## [Supplied data]
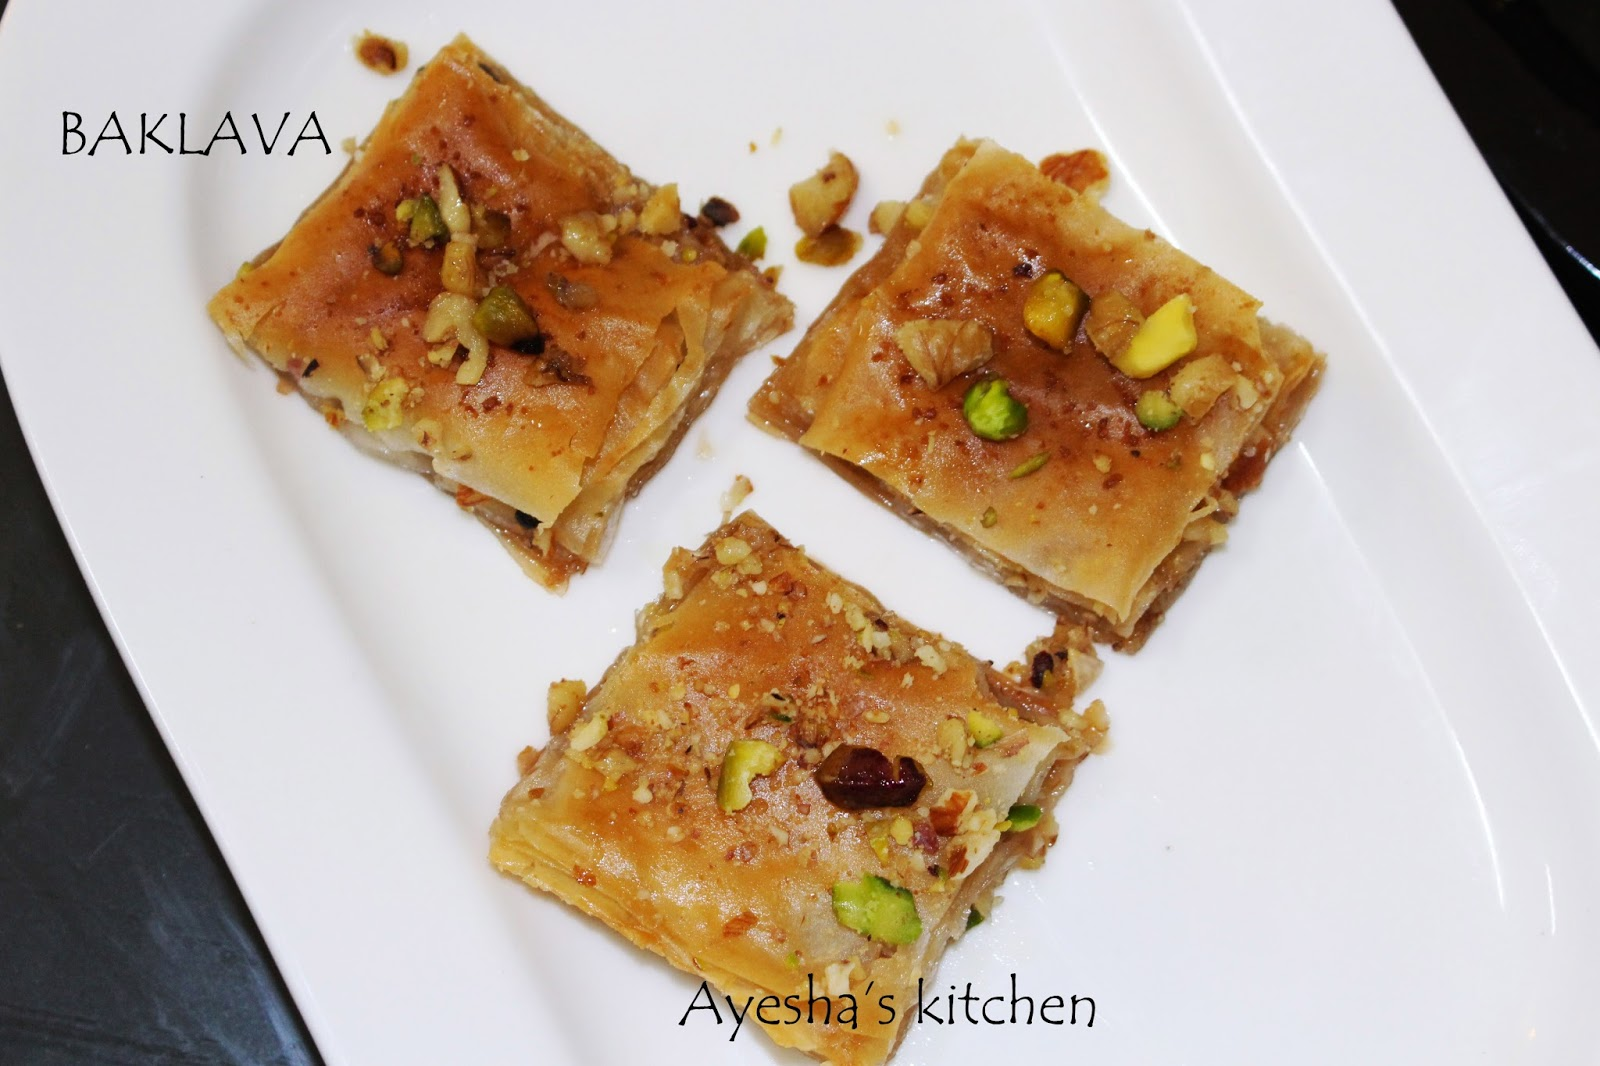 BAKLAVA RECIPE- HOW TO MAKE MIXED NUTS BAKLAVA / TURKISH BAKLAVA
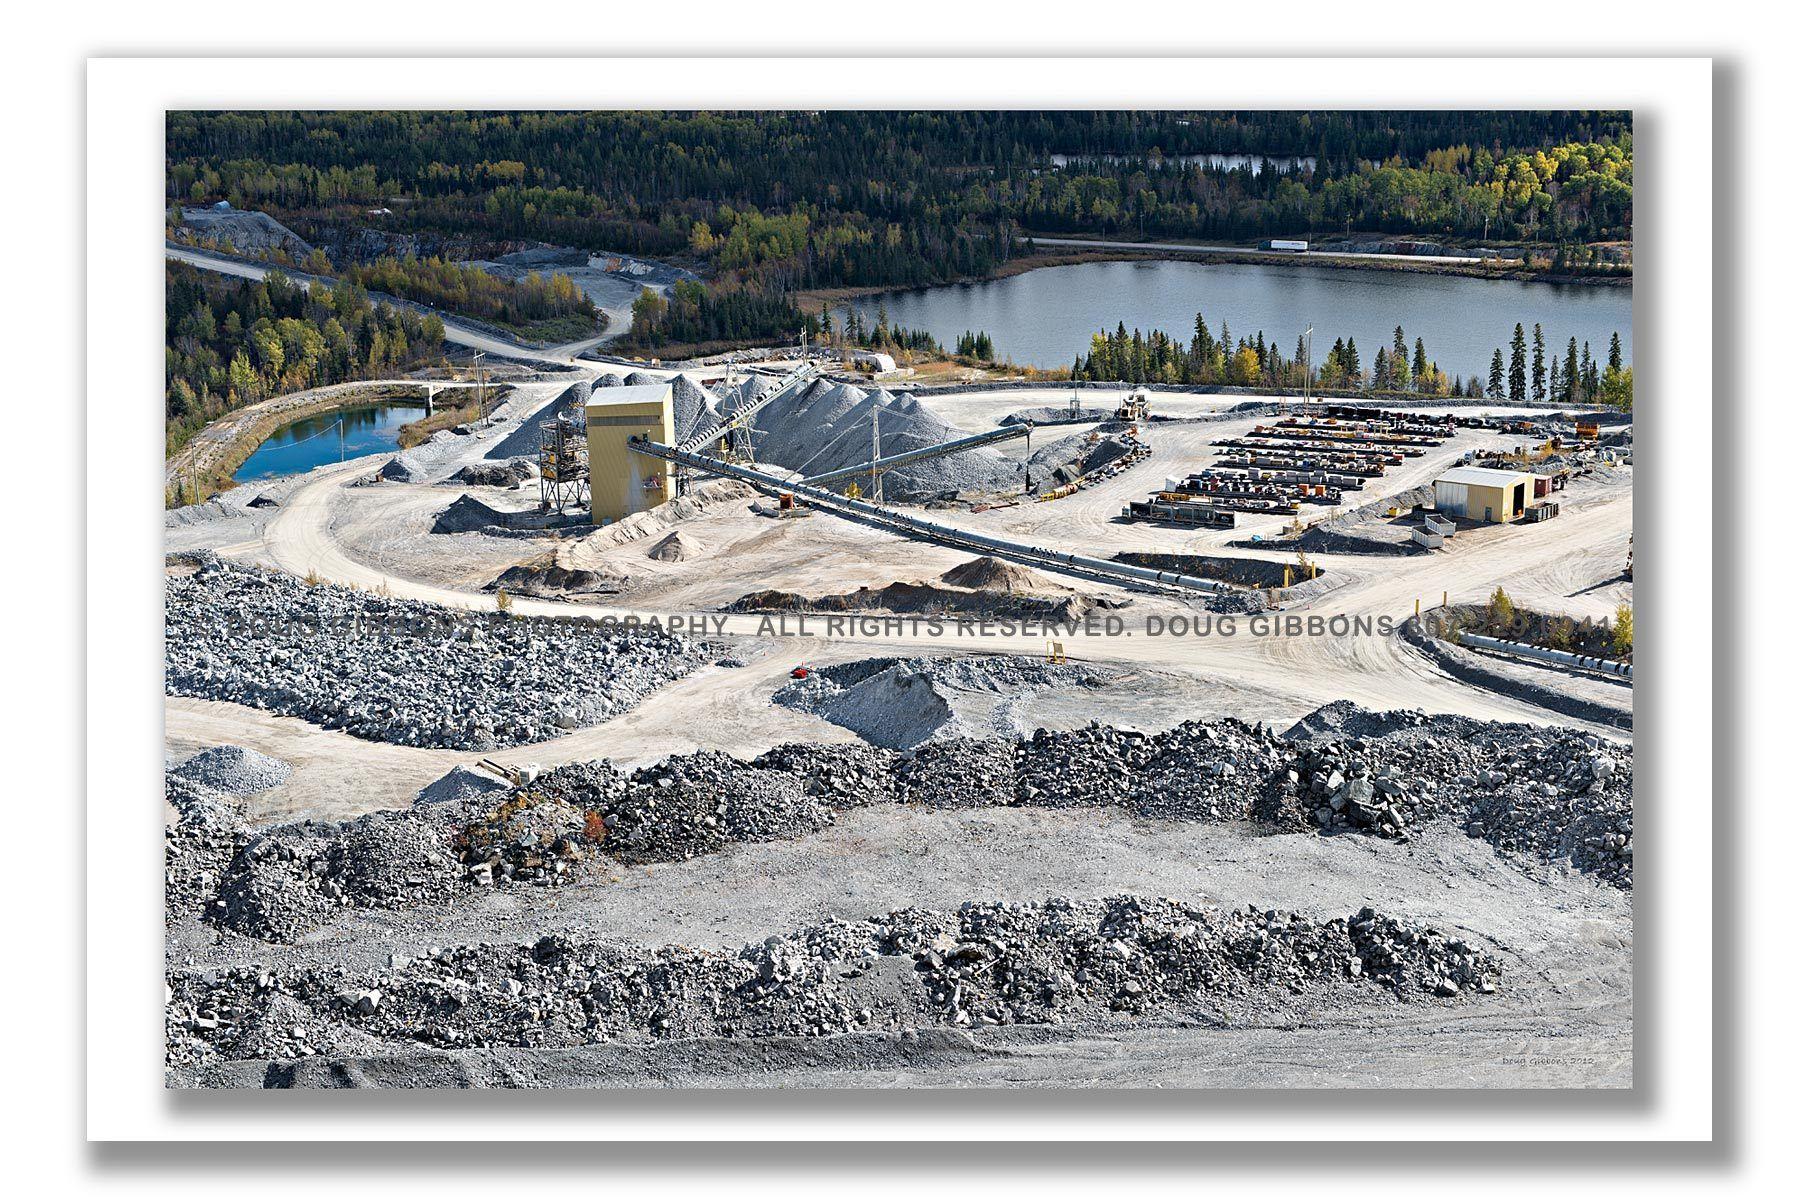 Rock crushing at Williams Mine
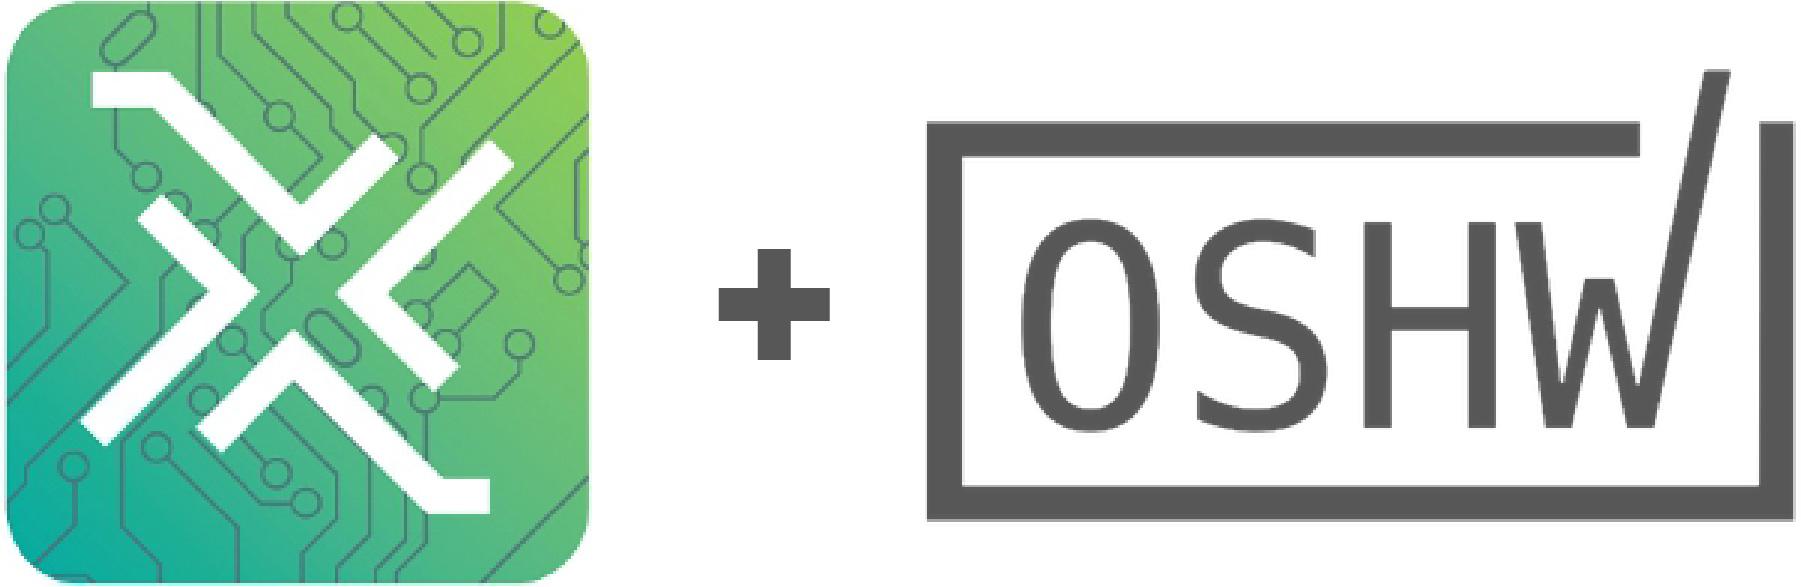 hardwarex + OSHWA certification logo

## [Directions]
Would you transcribe the whole listing above exactly? The pictures should not be included.

## [Output]
 BAKLAVA RECIPE- HOW TO MAKE MIXED NUTS BAKLAVA / TURKISH BAKLAVA
 Rock crushing at Williams Mine
 hardwarex + OSHWA certification logo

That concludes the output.